=== Section Start ===

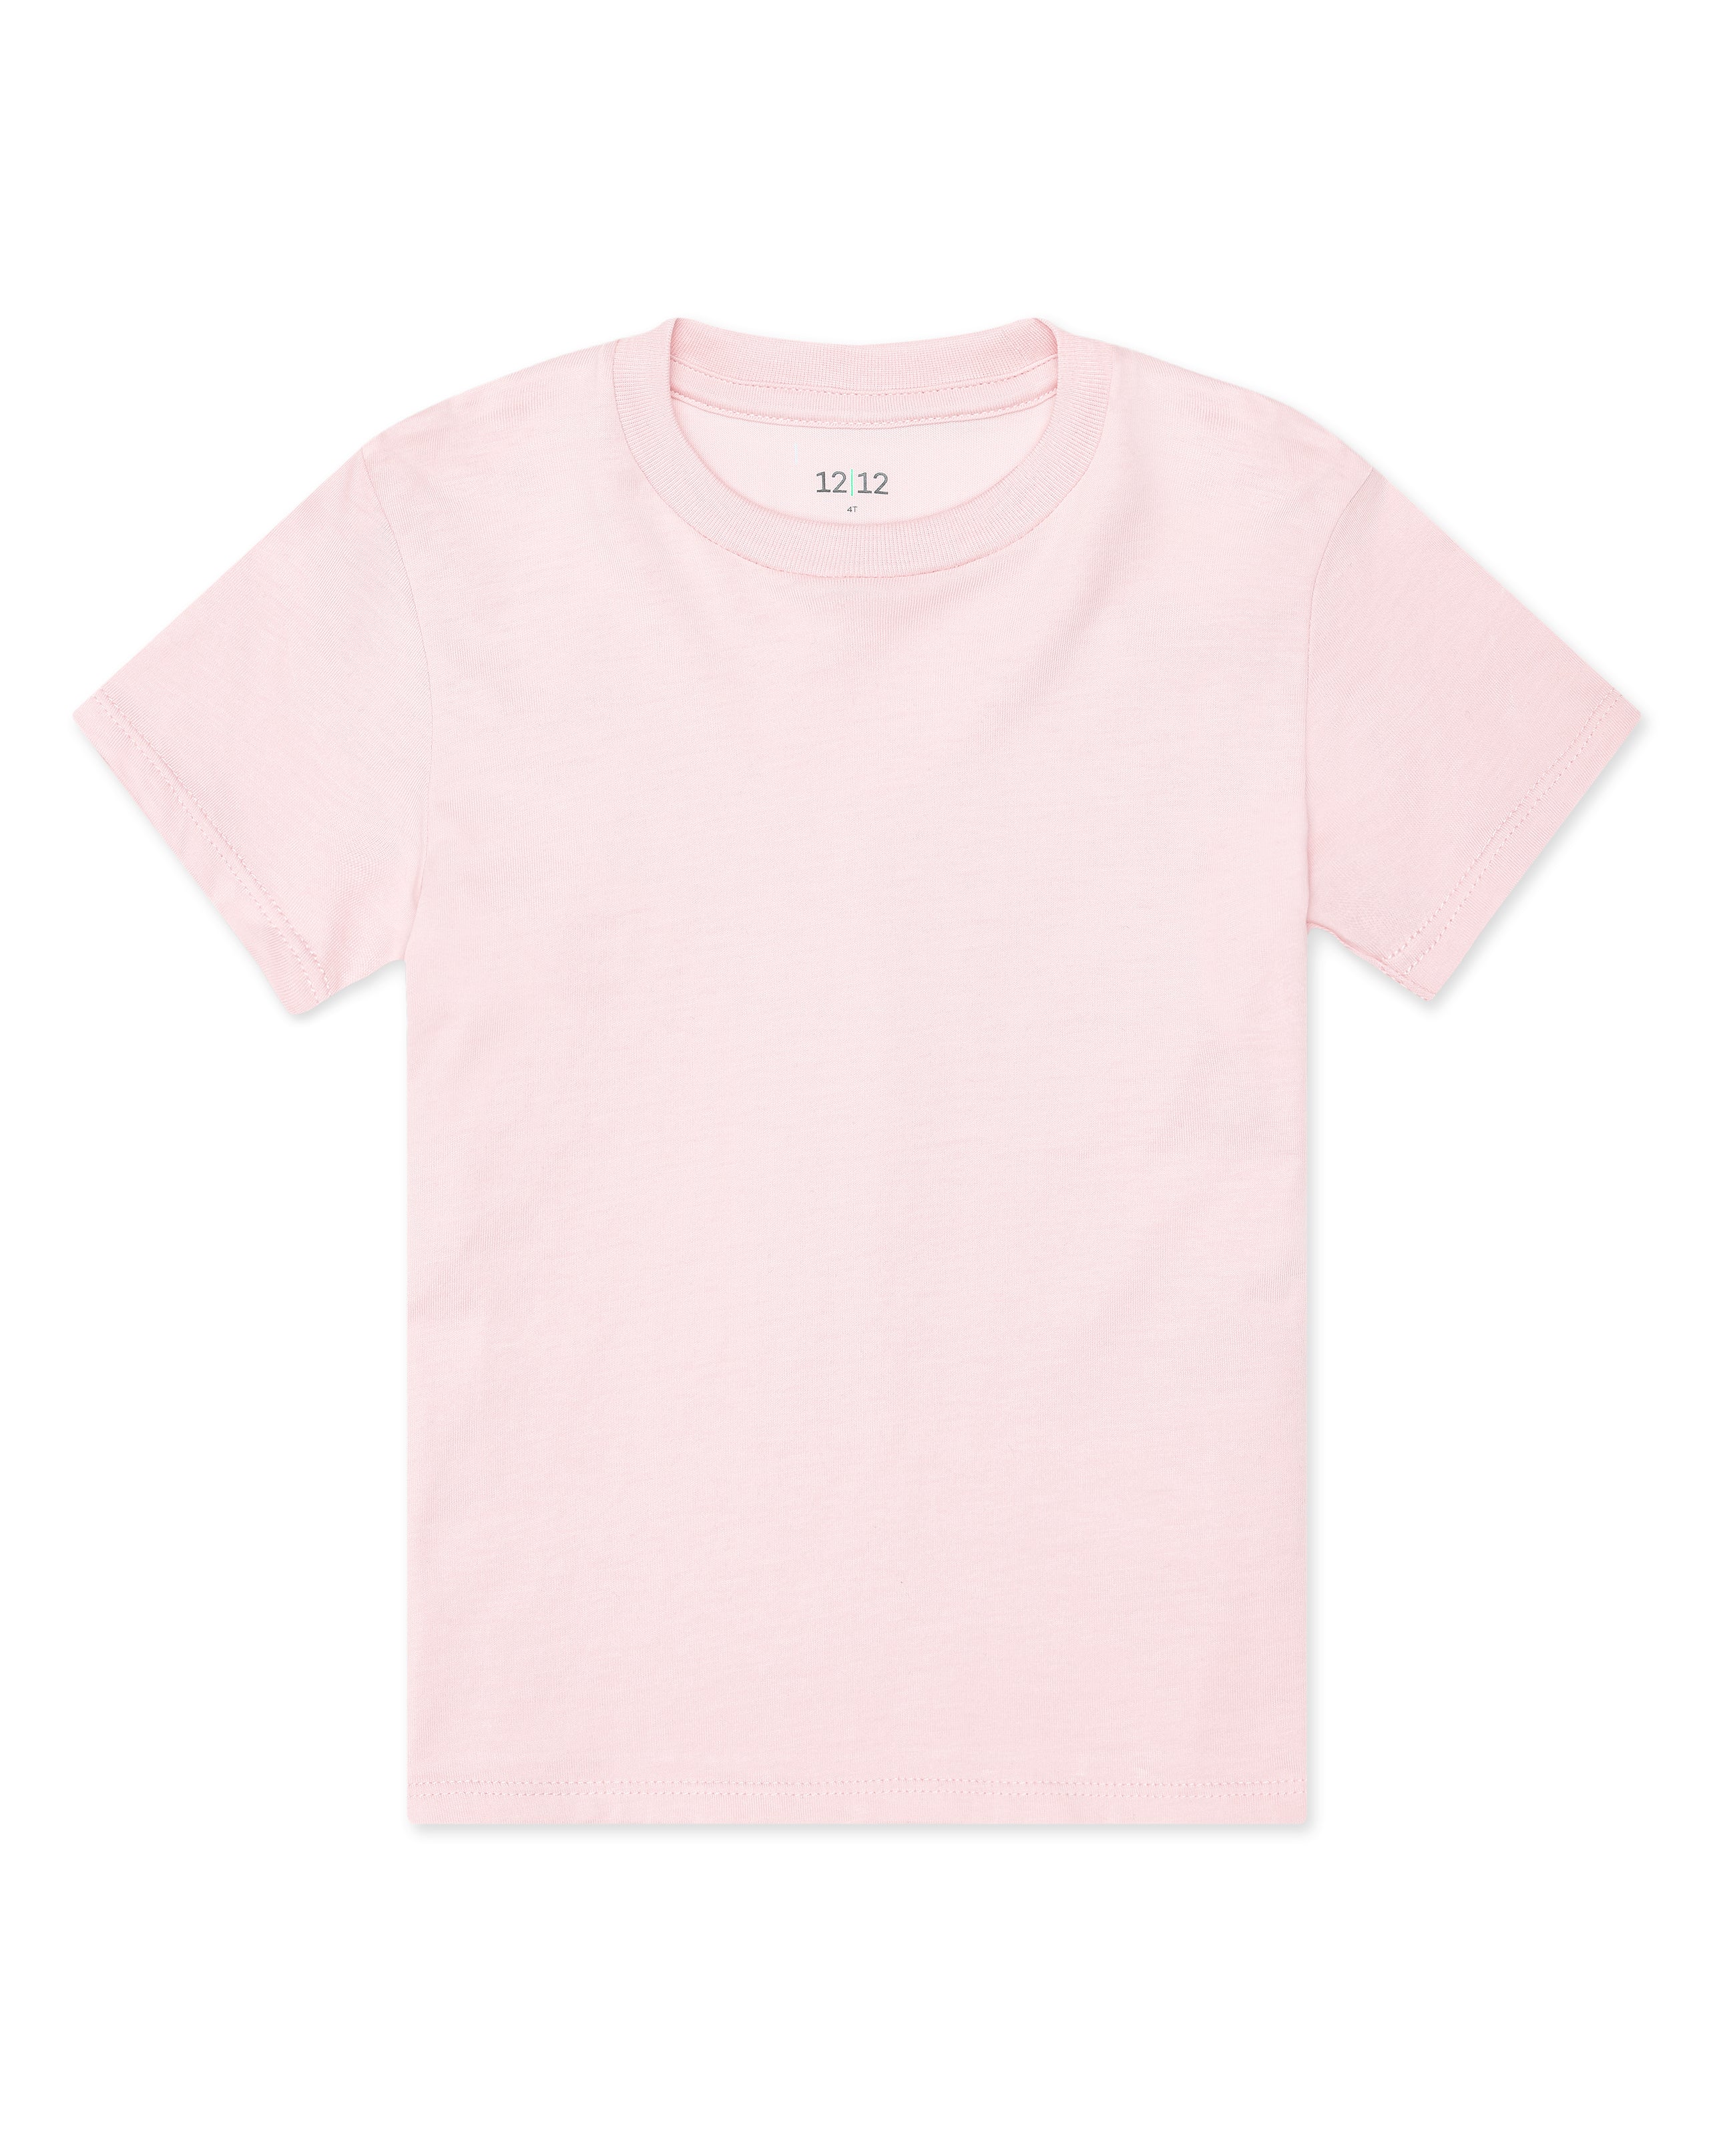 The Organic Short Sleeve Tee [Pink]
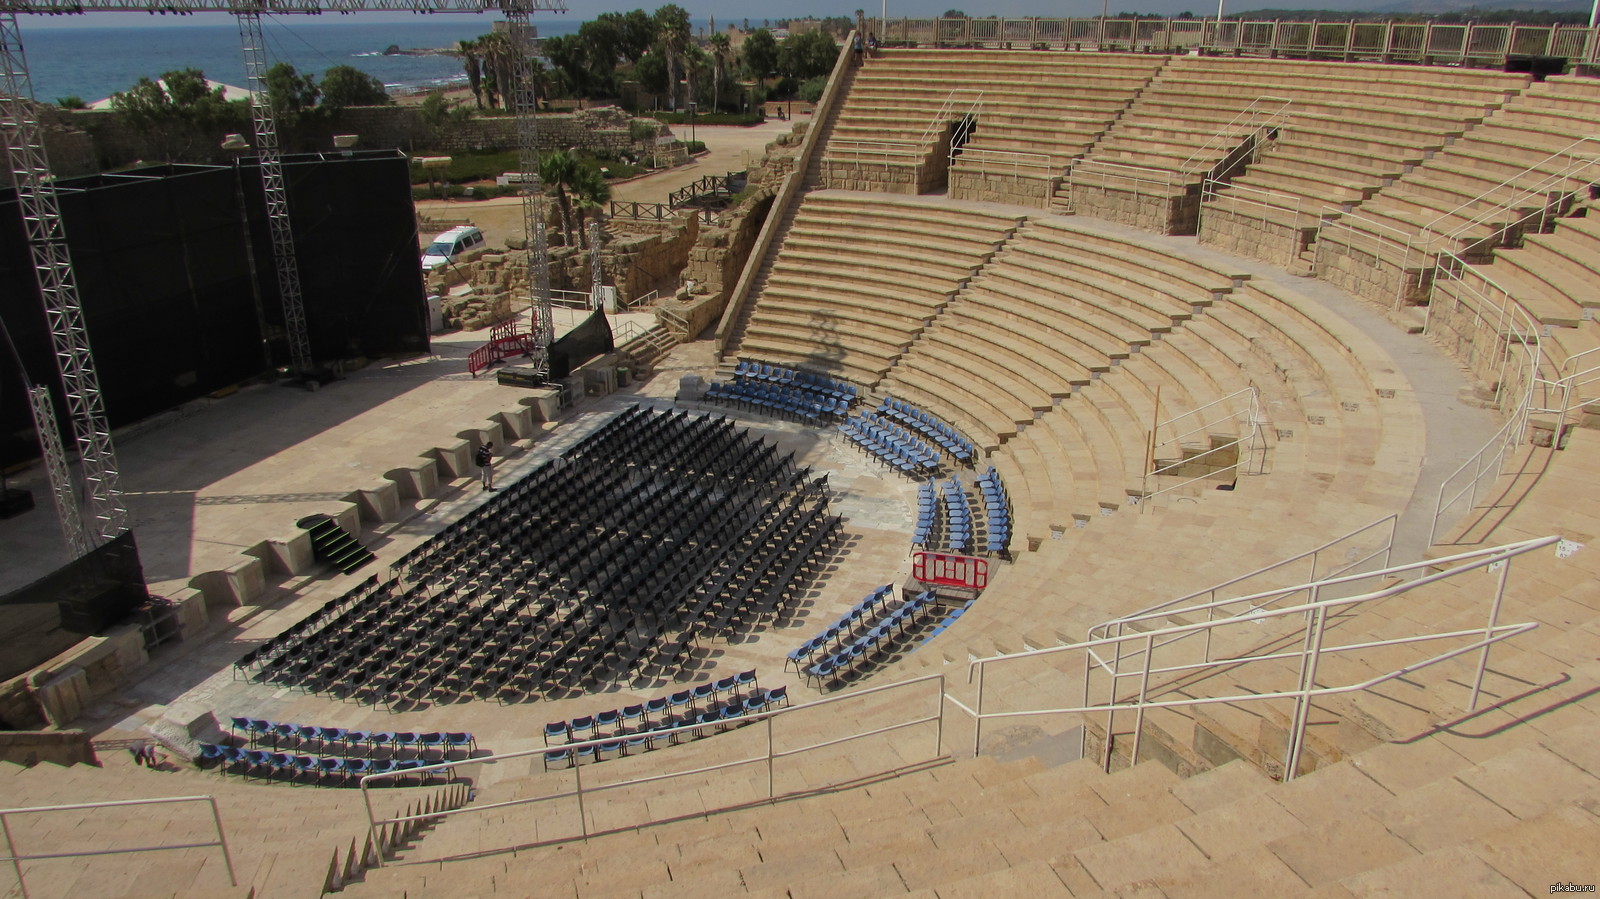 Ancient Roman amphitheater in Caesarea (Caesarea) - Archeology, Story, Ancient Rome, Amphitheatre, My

=== Section End ===
=== Section Start ===

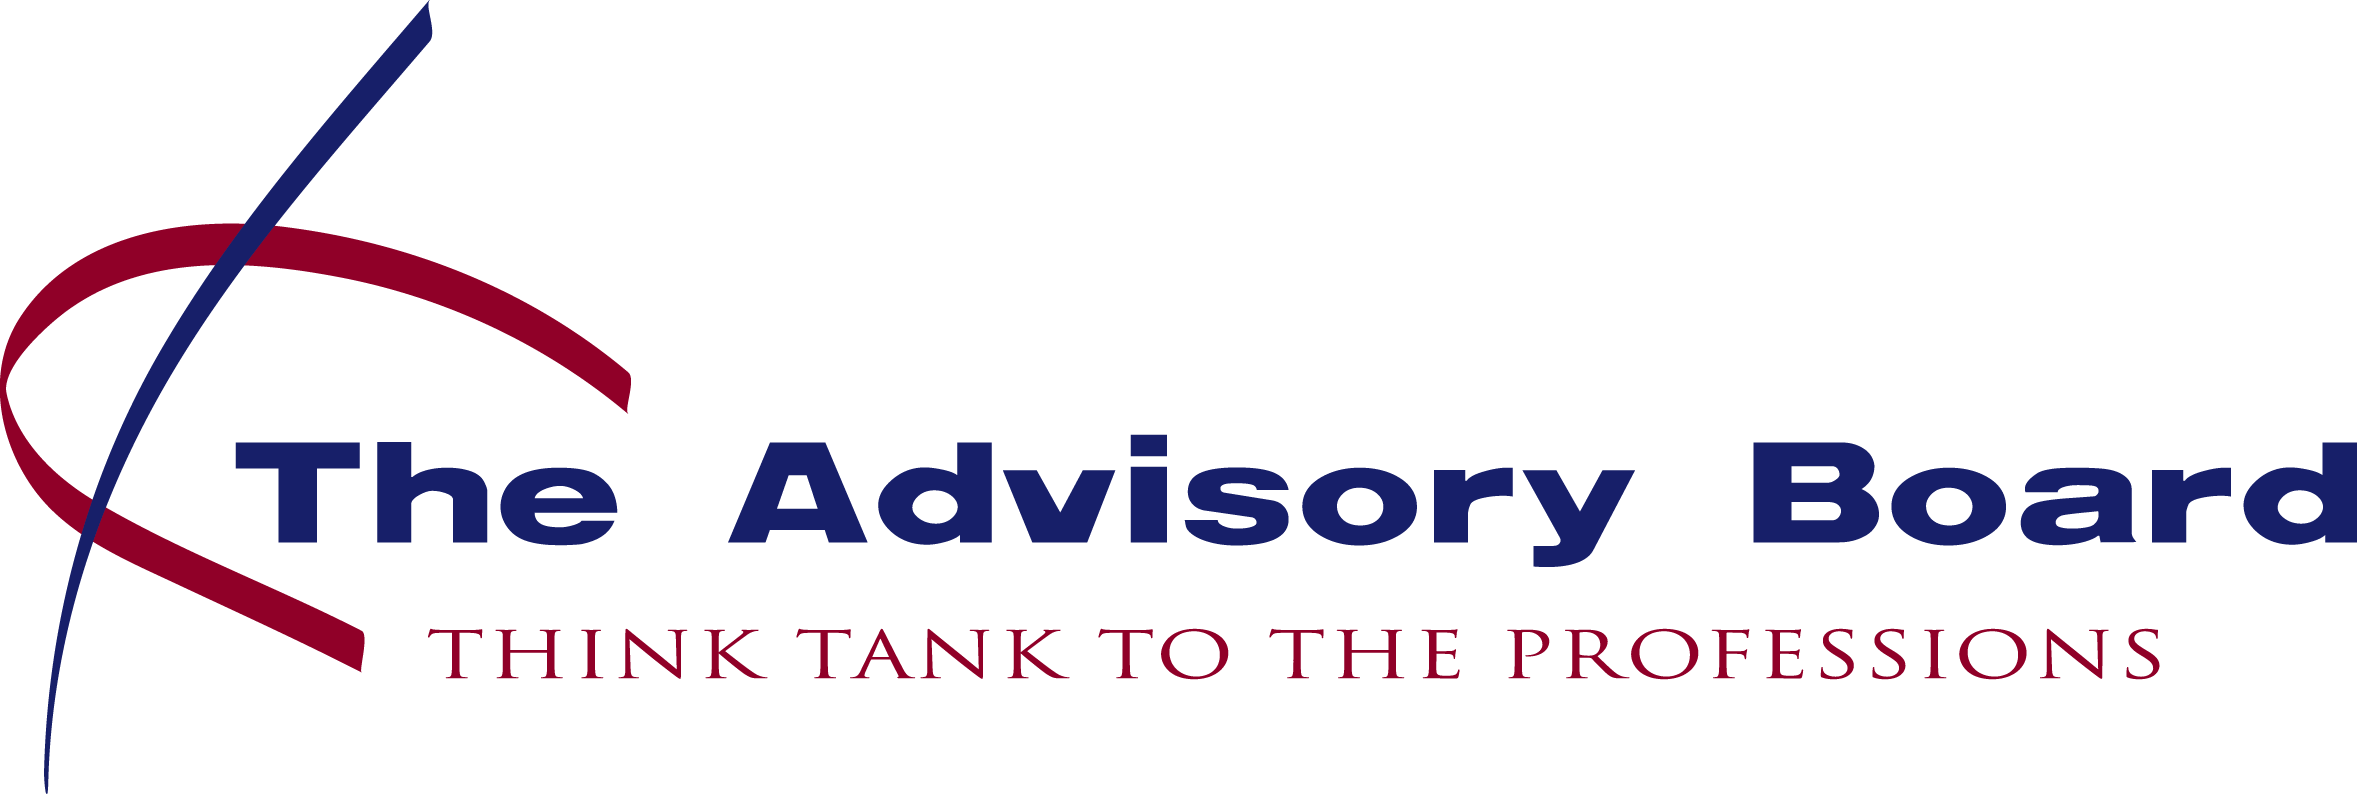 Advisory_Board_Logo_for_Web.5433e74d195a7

=== Section End ===

*EXERCISE*.
In the data above, find the line containing "The Organic Short Sleeve Tee [Pink]" and the line containing "Ancient Roman amphitheater". Repeat those two lines and everything between them exactly, minus the pictures.

*WRITTEN RESPONSE*.
 The Organic Short Sleeve Tee [Pink]
 Ancient Roman amphitheater in Caesarea (Caesarea) - Archeology, Story, Ancient Rome, Amphitheatre, My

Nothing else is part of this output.